■ **Work instructions**
For this listing, reproduce the line with "Order Paper Wednesday", the line with "Download Sonar X3 For Mac", and the lines between, exactly as they stand. Leave out pictures and all other lines.

■ **Material provided**
▼
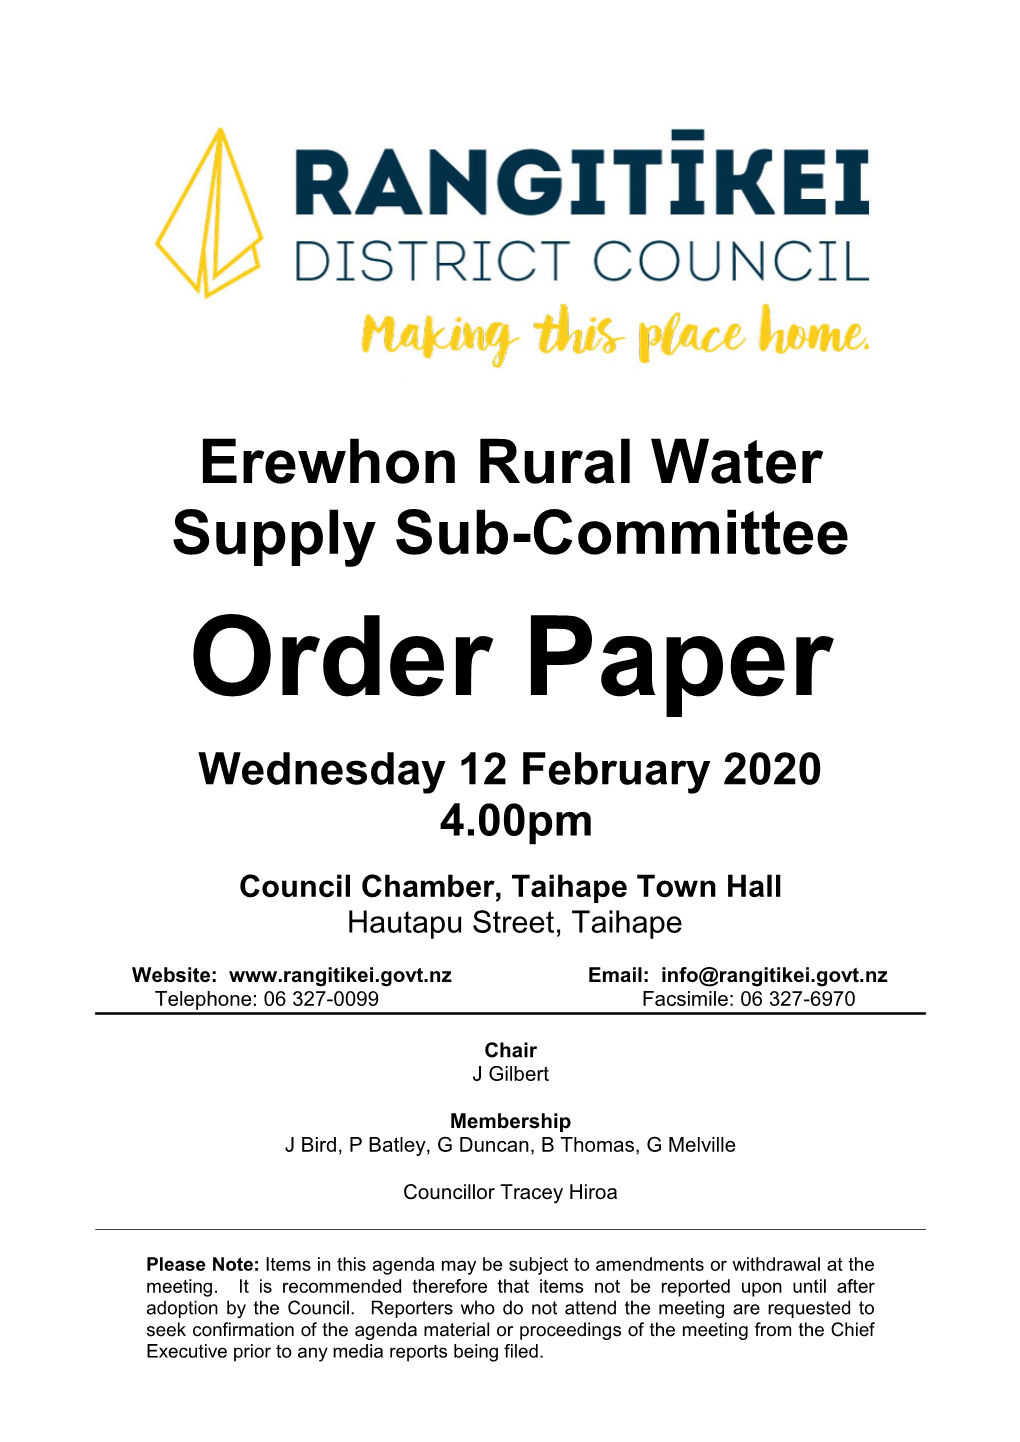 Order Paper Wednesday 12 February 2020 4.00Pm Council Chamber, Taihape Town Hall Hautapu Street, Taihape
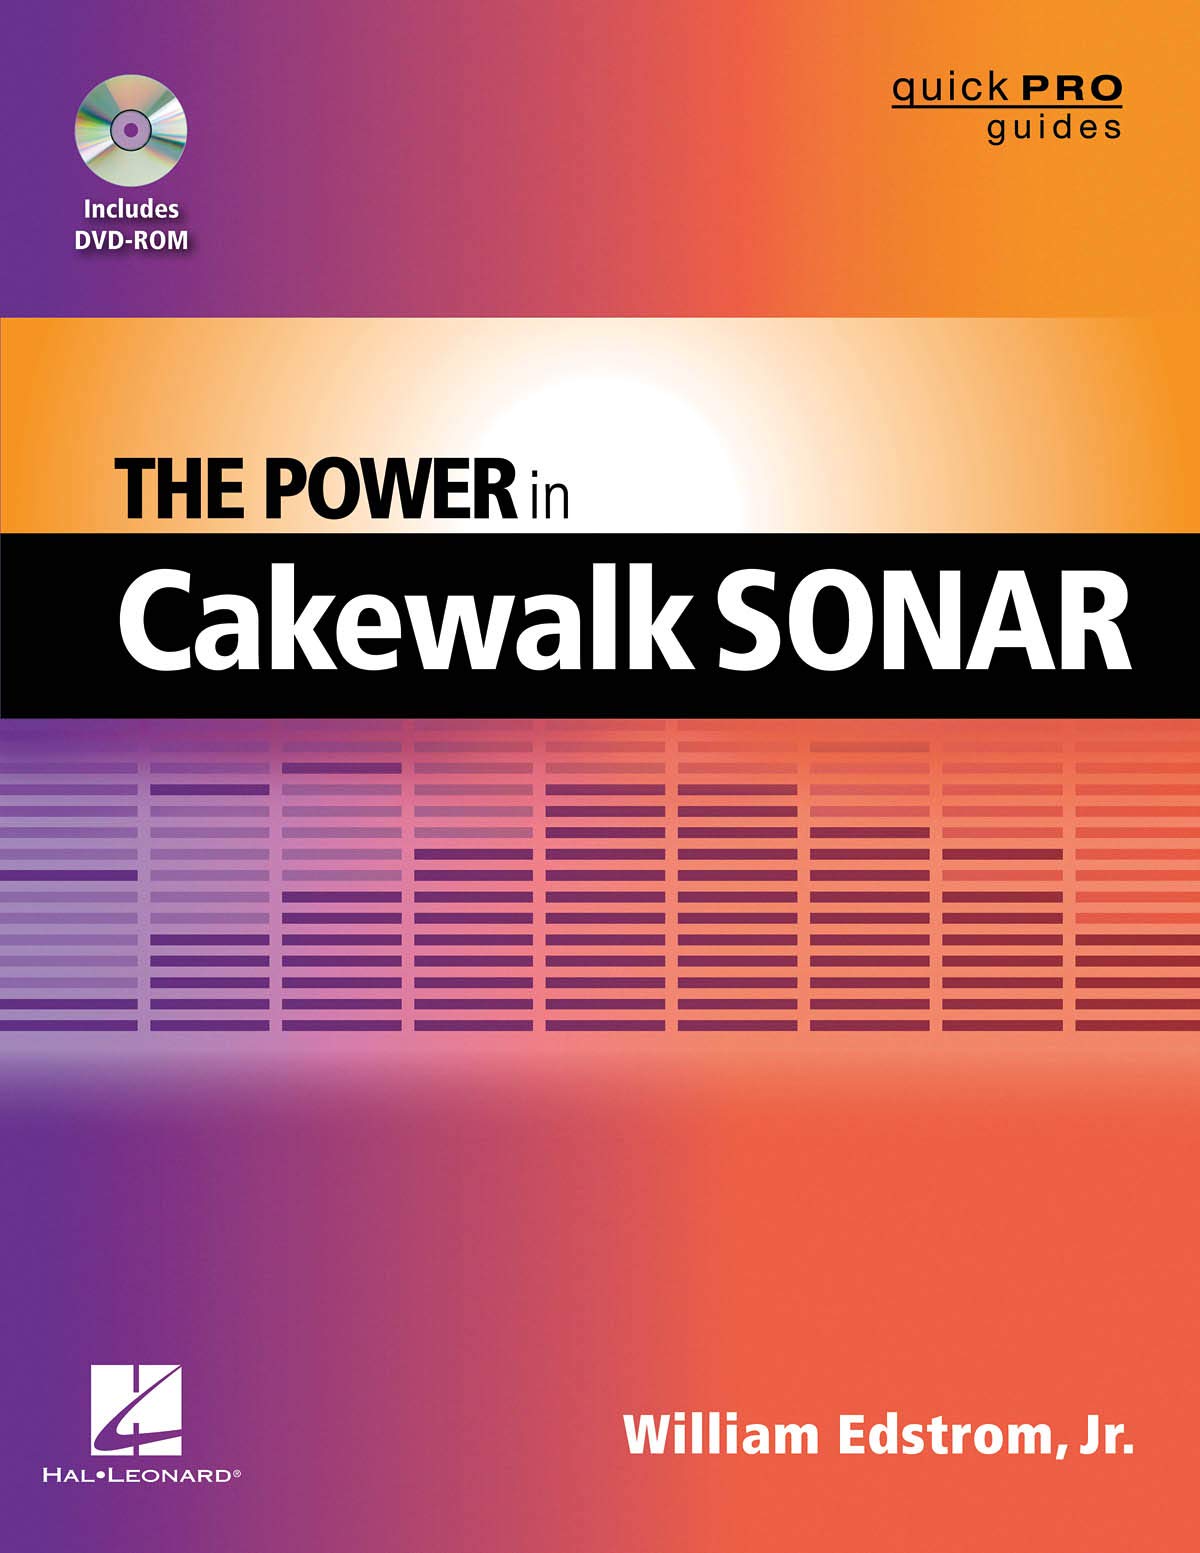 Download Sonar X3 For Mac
▲
▼
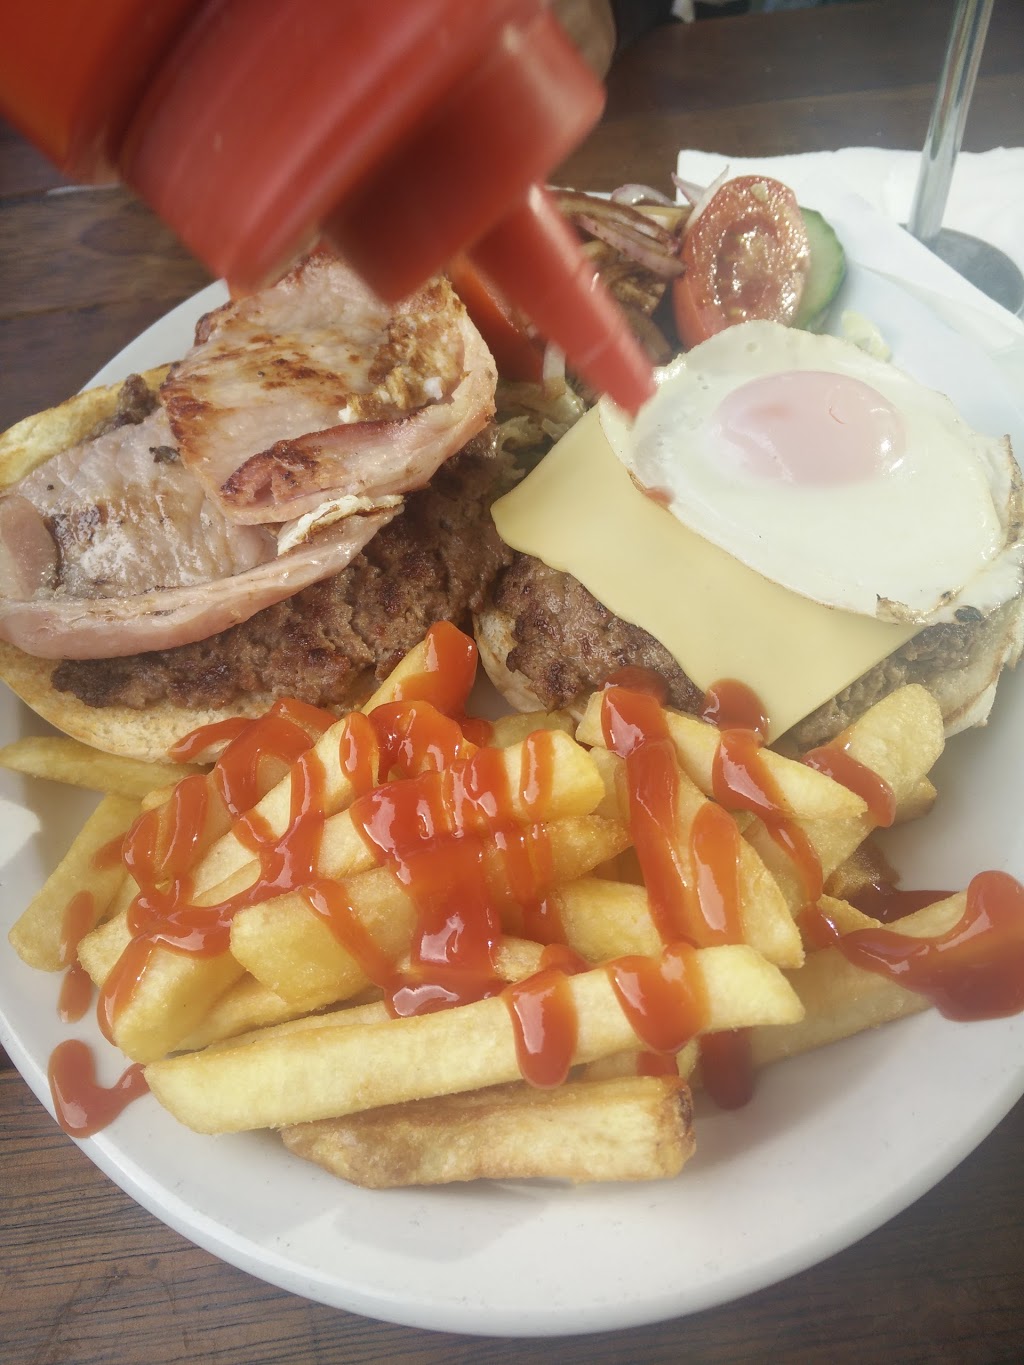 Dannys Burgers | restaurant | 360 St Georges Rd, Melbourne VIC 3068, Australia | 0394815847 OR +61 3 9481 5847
▲
■ **Task response**
 Order Paper Wednesday 12 February 2020 4.00Pm Council Chamber, Taihape Town Hall Hautapu Street, Taihape
 Download Sonar X3 For Mac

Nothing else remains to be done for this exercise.